Combining hydrothermal synthesis, electrodeposition with soaking process, we synthesized coaxial nanowire arrays consisting of Co₃O₄ nanowire as the core, polypyrrole (PPy) as the inner shell and MnO₂ outer layer as the exodermis. The key to fabricate one-dimensional hierarchical architecture, Co₃O₄@PPy@MnO₂ “core–shell–shell” nanowires, was to introduce a PPy intermediate layer on the surface of Co₃O₄ nanowire, which could enhance the conductivity of nanowire arrays and act as a reactive template to induce a coating of amorphous MnO₂. The device based on the ternary composite Co₃O₄@PPy@MnO₂ nanowire arrays exhibited prominent electrochemical performance with a high energy density of 34.3 Wh kg⁻¹ at a power density of 80.0 W kg⁻¹ and a remarkable long-term cycling stability.

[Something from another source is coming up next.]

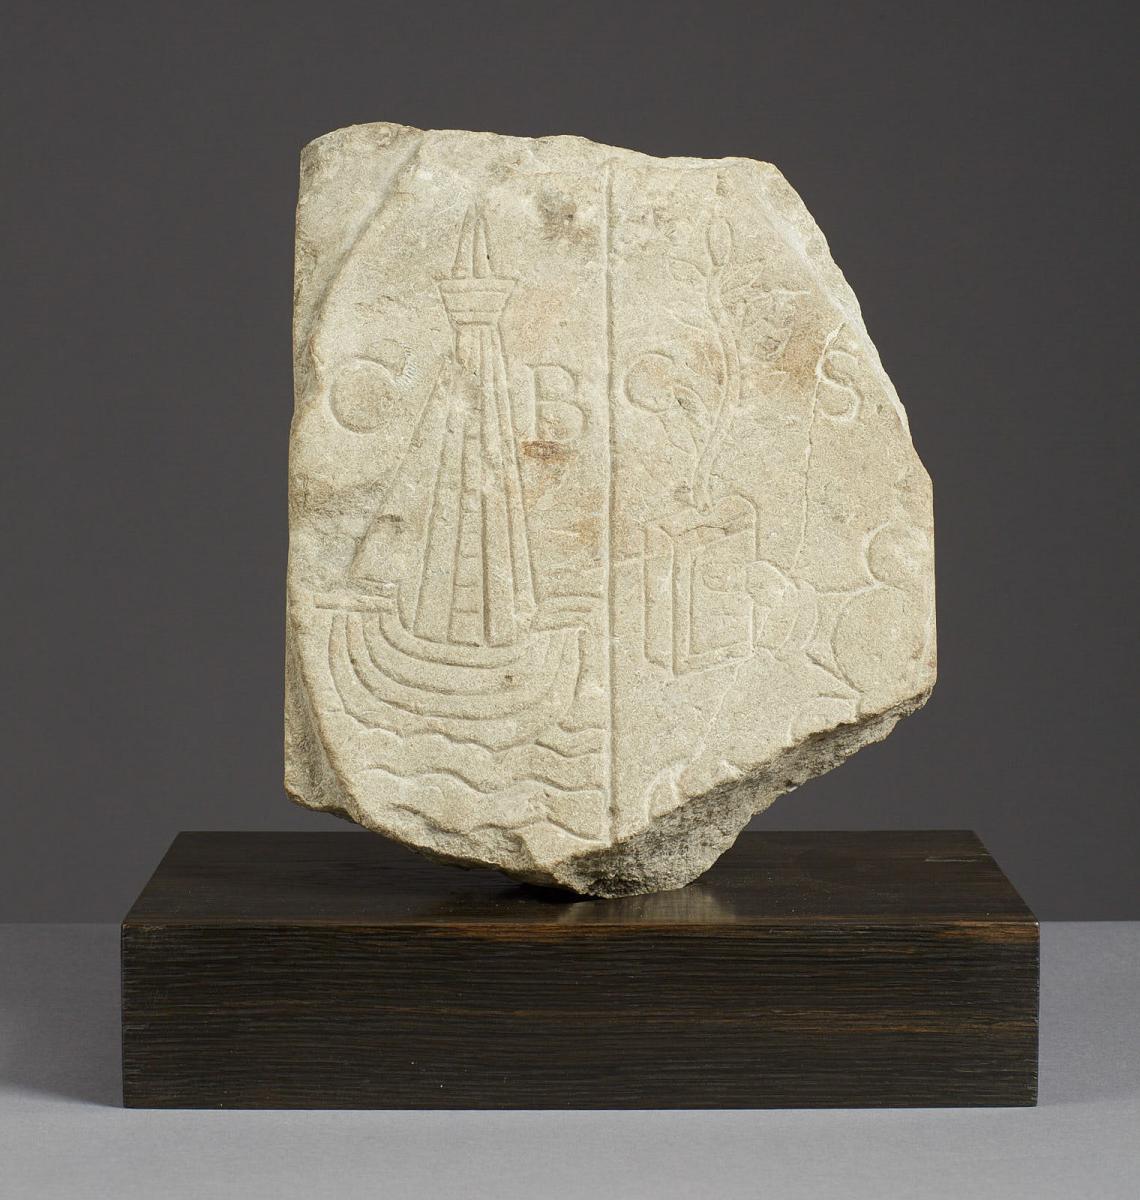 Mid 16th Century Commemorative Stone Marker   British 1550-1570

In addition, the performance of as-assembled asymmetrical supercapacitor was demonstrated using a DC motor. The results imply that ternary composite based electrode materials have enormous potential for energy storage devices and systems.

Graphical abstract

We report supercapacitor electrode materials composed of ternary composite, i.e. Co₃O₄ nanowires as the core, polypyrrole (PPy) as the inner shell and MnO₂ outer layer as the exodermis, and demonstrate their electrochemical performance for energy storage applications.

Introduction

Heterostructured nanomaterial is drawing a tremendous amount of attention in energy storage devices. To date, intensive efforts have been devoted to the synthesis of self-supported core/shell heterostructures, which could combine the advantages of different materials and exhibit several interesting features [1], [2], [3]. For instance, the core/shell nanowires not only provide large active surface area and short ions diffusion path but also show a potential synergy. Therefore, design and synthesis of core/shell nanoarrays with hierarchically porous structures is promising for the development of high performance electronic and electrochemical energy conversion storage devices.

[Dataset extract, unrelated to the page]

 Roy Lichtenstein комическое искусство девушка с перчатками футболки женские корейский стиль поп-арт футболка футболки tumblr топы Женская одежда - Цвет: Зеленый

Metal oxides and hydroxides store electrochemical energy by surface redox reactions, and it is well known that Co₃O₄, MnO₂, Co(OH)₂, CoO, NiO, RuO₂, and Ni(OH)₂ are the most extensively investigated cathode pseudocapacitive materials. In order to meet the requirement of higher specific capacitance and structural stability, one effective strategy is the integration of these oxides/hydroxides or conductive polymer into core/shell nanoarrays [4], [5], [6]. Typically, researchers prepare the core/shell nanowire arrays based on binary heterostructures, which first constructs metal oxide backbone and subsequently coats the shell materials [7], [8], [9], [10], [11], [12], [13], [14], [15], [16]. Most recently, there are a few reports on fabricating more complex hierarchical nanoarchitecture – ternary “core–shell–shell” nanowire arrays, which has been considered as a promising approach to further increase the effective utilization of active materials [17], [18], [19], [20], [21]. Wang et al. reported WO_3−x@Au@MnO₂ core/shell nanowires with a specific capacitance of 588 F g⁻¹ at a scan rate of 10 mV s⁻¹ and 1195 F g⁻¹ at a current density of 0.75 A g⁻¹ [19]; Xia et al. described hierarchically structured Co₃O₄@Pt@MnO₂ nanowire arrays for pseudocapacitors with a high capacitance (539 F g⁻¹ at 1 A g⁻¹), an excellent cycle performance and rate capability [20]; Hu et al. synthesized a sandwich configuration of Co₃O₄@Au@MnO₂, with high specific capacitances of 851.4 F g⁻¹ at 10 mV s⁻¹ and 1532.4 F g⁻¹ at 1 A g⁻¹ and good rate performance [21]. Among these ternary hierarchical nanostructures, noble metal nanoparticles (NPs), such as Pt NPs and Au NPs, are employed as intermediate layers owing to their high electrical conductivity. However, considering the intrinsic low capacitance contribution from noble metals and their inherently costly nature, conductive polymers as promising alternatives could be introduced into ternary composites because they have advantages of relatively high capacitance, low cost, excellent conductivity, high chemical stability and mechanical flexibility [7], [8], [9], [22], [23]. Most recently, Fan et al. prepared novel Co₃O₄/PEDOT-MnO₂ core/shell nanowire arrays on 3D graphite foams for supercapacitors. Although the integrated material exhibited superior electrochemical properties, Co₃O₄ nanowires were just used as the core backbone and contributed negligible capacitance to the electrode in a neutral solution [17].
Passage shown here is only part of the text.